Боря и сам это чувствовал, пытался высвободиться и не мог. Почуявший свободу текст не сковывал себя никакими ограничениями — ни жанром, ни сюжетом. Его швыряло из стороны в сторону: от старика Когана и старика Узи — к истории Ицхака Лави и его дочери-города, от хамсина, песчаной бури и ночного ливня — к садовнику Питуси и Беспалому Бенде, от демонстрантов-отморозков — к псу Рокси, собачнице Шломин и ее взрослому сыну…

И тем не менее, весь этот разномастный круговорот несомненно вращался вокруг одного общего центра.

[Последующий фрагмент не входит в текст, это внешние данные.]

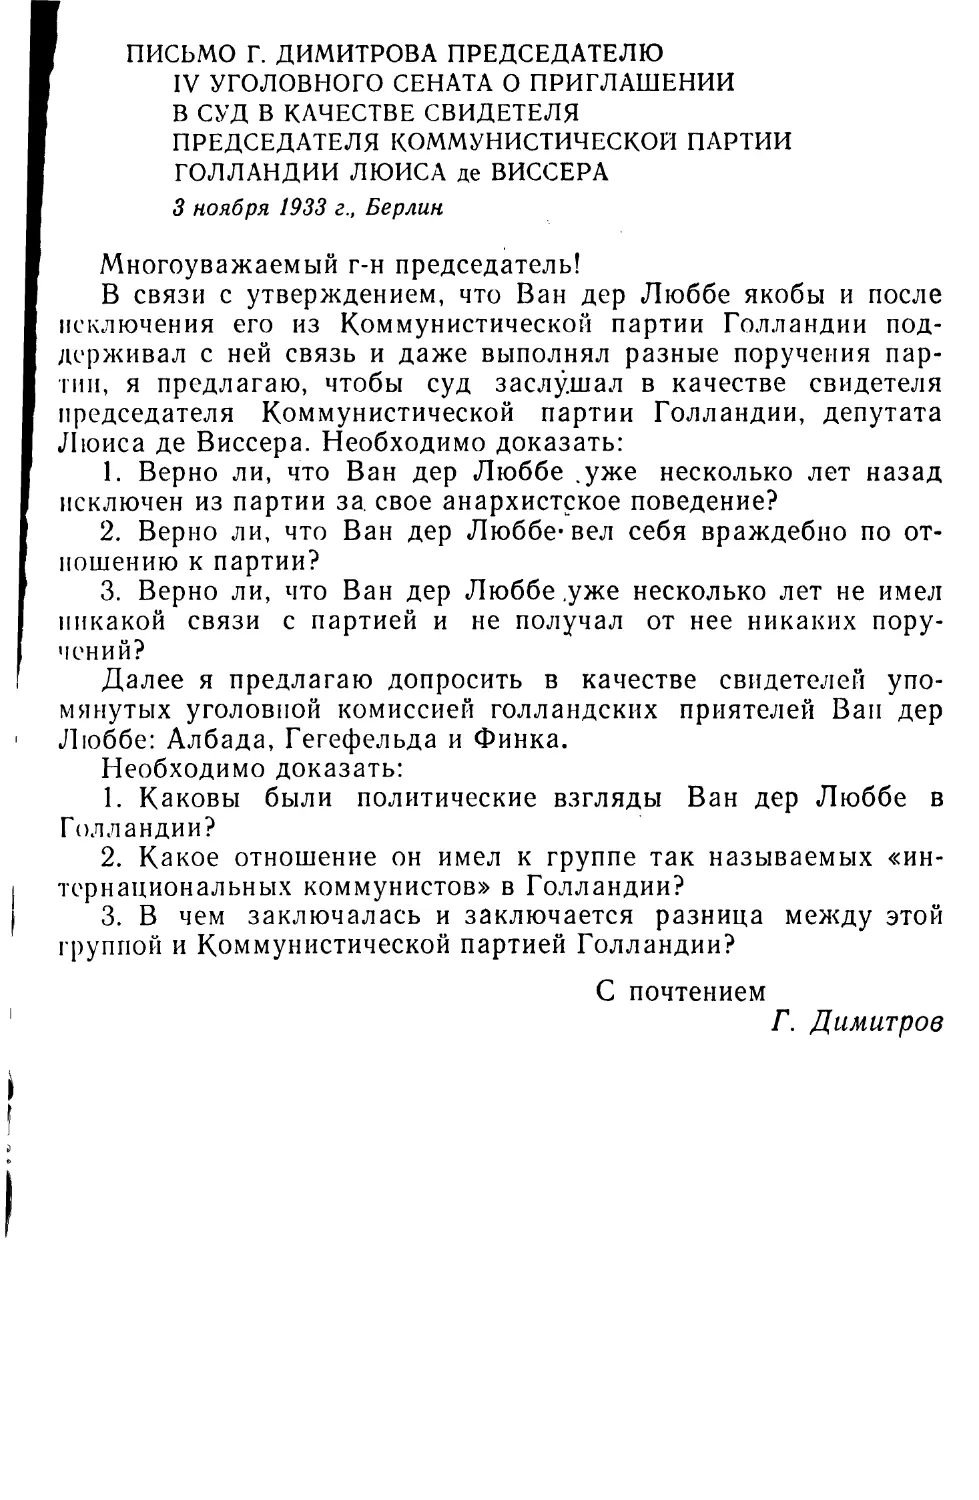 Письмо Г. Димитрова председателю IV уголовного сената о приглашении в суд в качестве свидетеля председателя Коммунистической партии Голландии Люиса де Виссера. 3 ноября 1933 г

Да, в тексте отсутствовал сюжет, зато в нем было то, что обычно именуется «главным героем». Но вот что удивительно: об этом главном герое — некоем Арье Йосефе — не сообщалось практически ничего — в отличие от, скажем, равшаца Вагнера или садовника Питуси, которые не имели к Арье Йосефу ровно никакого отношения. Даже ничтожному болтуну и путанику Беспалому Бенде уделялось намного больше внимания! Главный герой, которого нет? Возможно ли такое?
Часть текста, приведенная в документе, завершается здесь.